Trump anuncia venda de petróleo à Rússia e volta à Venezuela

Trump anuncia venda de petróleo à Rússia e volta à Venezuela

Trump anuncia venda de petróleo à Rússia e volta à Venezuela – Em coletiva realizada em 3 de janeiro de 2026, o ex-presidente dos Estados Unidos, Donald Trump, declarou que companhias americanas retomarão operações no território venezuelano e que o país “está no negócio do petróleo” para fornecer o produto à Rússia quando “as coisas se estabilizarem”.

Trump argumentou que a Venezuela, antes limitada por “estrutura ruim”, produzirá volumes maiores sob gestão das petroleiras norte-americanas. Ele prevê “grandes quantidades” de barris sendo redirecionados a diversas nações, citando especificamente Moscou como futuro comprador.

Planos para o petróleo venezuelano

De acordo com Trump, o retorno das multinacionais dos Estados Unidos criará capacidade extra nos campos venezuelanos, historicamente afetados por falta de investimentos. A expectativa do republicano é elevar o patamar de produção do país, que hoje gira em torno de 800 mil barris diários segundo dados da Agência Nacional do Petróleo (ANP).

Ao comentar a guerra na Ucrânia, Trump ressaltou não estar satisfeito com o presidente russo, Vladimir Putin, mas alegou que o acordo energético ajudaria a “estabilizar” o mercado global. Ele também atribuiu o conflito ao governo de Joe Biden, dizendo ter “herdado” a situação.
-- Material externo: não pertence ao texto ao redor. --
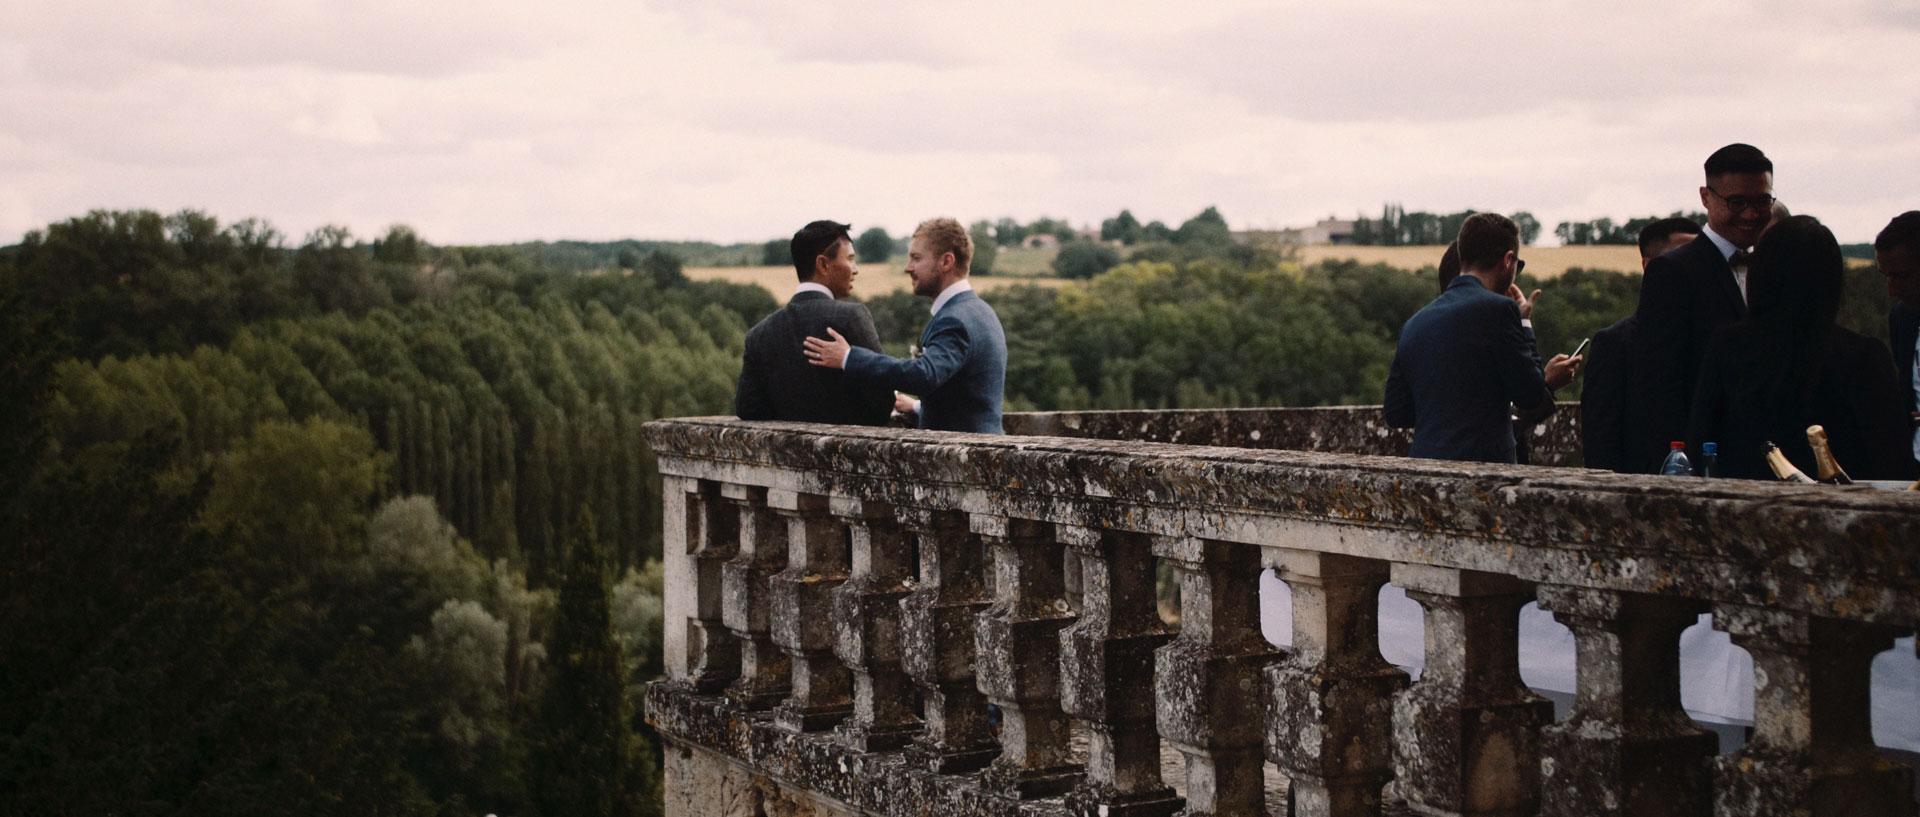 Sam-&-David---Wedding-Film.00_02_37_20.jpg

Reação de Caracas e implicações globais

O governo da Venezuela repudiou a declaração, classificando a movimentação como “gravíssima agressão militar” e violação da Carta das Nações Unidas. Em comunicado, Caracas acusou Washington de tentar “apoderar-se” do petróleo e de minerais estratégicos, afirmando que qualquer tentativa de “mudança de regime” irá fracassar.

A tensão ocorre em meio a sanções americanas ainda em vigor contra o país sul-americano. Especialistas veem na fala de Trump um indicativo de possível flexibilização dessas restrições, cenário que pode alterar a rota de suprimento global, sobretudo à medida que a Organização dos Países Exportadores de Petróleo monitora limites de produção para conter a volatilidade de preços.

Analistas em Washington observam que uma entrada maciça de barris venezuelanos no mercado tenderia a pressionar cotações internacionais. Já para Moscou, sob embargo de nações ocidentais, a compra de óleo norte-americano refinado poderia reduzir impactos de sanções europeias.

No front diplomático, o anúncio adiciona mais um capítulo à disputa de narrativas entre Estados Unidos, Rússia e Venezuela, ampliando incertezas sobre os próximos passos na geopolítica do petróleo.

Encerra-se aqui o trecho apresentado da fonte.